Speaking in his annual address to diplomats days after a senior Pakistani politician who opposed the legislation was assassinated by his own bodyguard, the pope said the Pakistani law was a pretext for violence against religious minorities.
The Pope, who has used many of his addresses in recent weeks to demand religious freedom, renewed his condemnation of attacks on churches that left dozens dead in Egypt, Iraq and Nigeria.
He also called for called for religious freedom in Saudi Arabia, where Christians cannot worship in public, and communist China, which forces Catholics to join an official church. “The particular influence of a given religion in a nation ought never to mean that citizens of another religion can be subject to discrimination in social life or, even worse, that violence against them can be tolerated,” he told the envoys.
The Vatican is particularly worried about Christians in the Middle East, where continuing attacks, combined with severe restrictions, are fuelling a Christian exodus from the region.
In his address to diplomats representing some 170 countries, the Pope said recent attacks in Egypt and Iraq showed the need to urgently adopt effective measures for the protection of religious minorities.
The anti-blasphemy law has been in the spotlight since November when a court sentenced a Christian mother of four to death, in a case that has exposed deep rifts in the troubled Muslim nation of more than 170 million people.
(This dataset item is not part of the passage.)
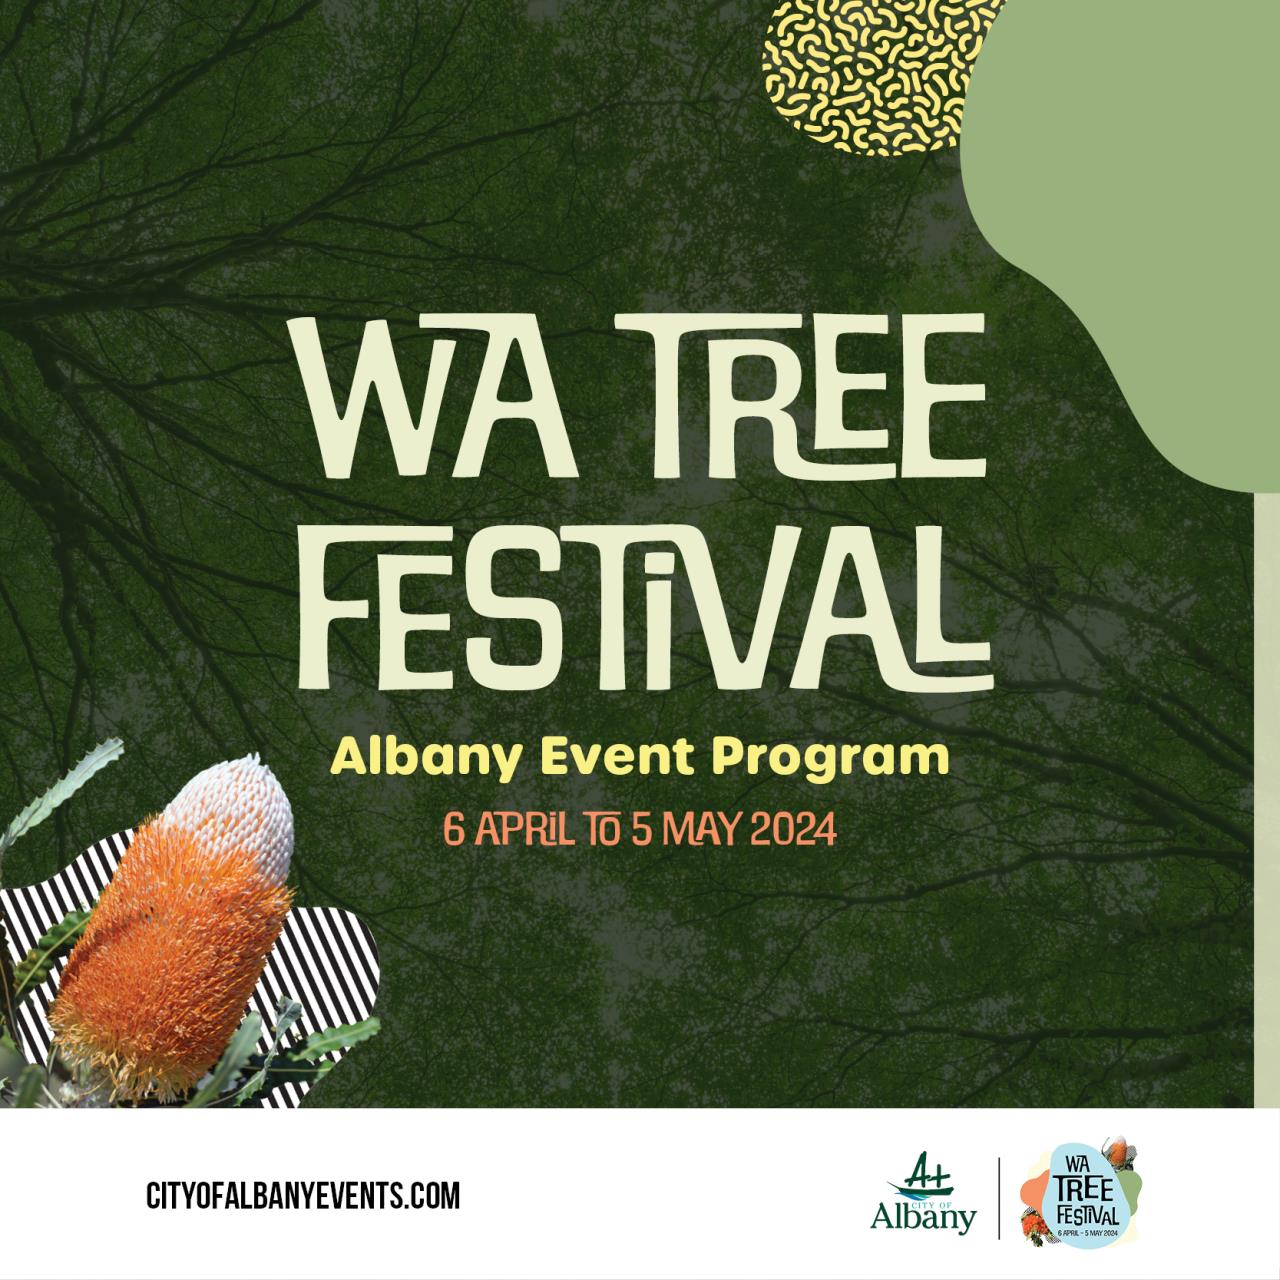 WA Tree Festival 2024: Albany Event Program

While liberal Pakistanis and rights groups believe the law to be dangerously discriminatory against the country's tiny minority groups, Aasia Bibi's case has become a lightning rod for the country's religious right.
What the law is all about
The law has its roots in 19th century colonial legislation to protect places of worship, but it was during the military dictatorship of General Mohammad Zia ul-Haq in the 1980s that it acquired teeth as part of a drive to Islamise the state. Under the law, anyone who speaks ill of Islam and the Prophet Mohammad commits a crime and faces the death penalty but activists say the vague terminology has led to its misuse.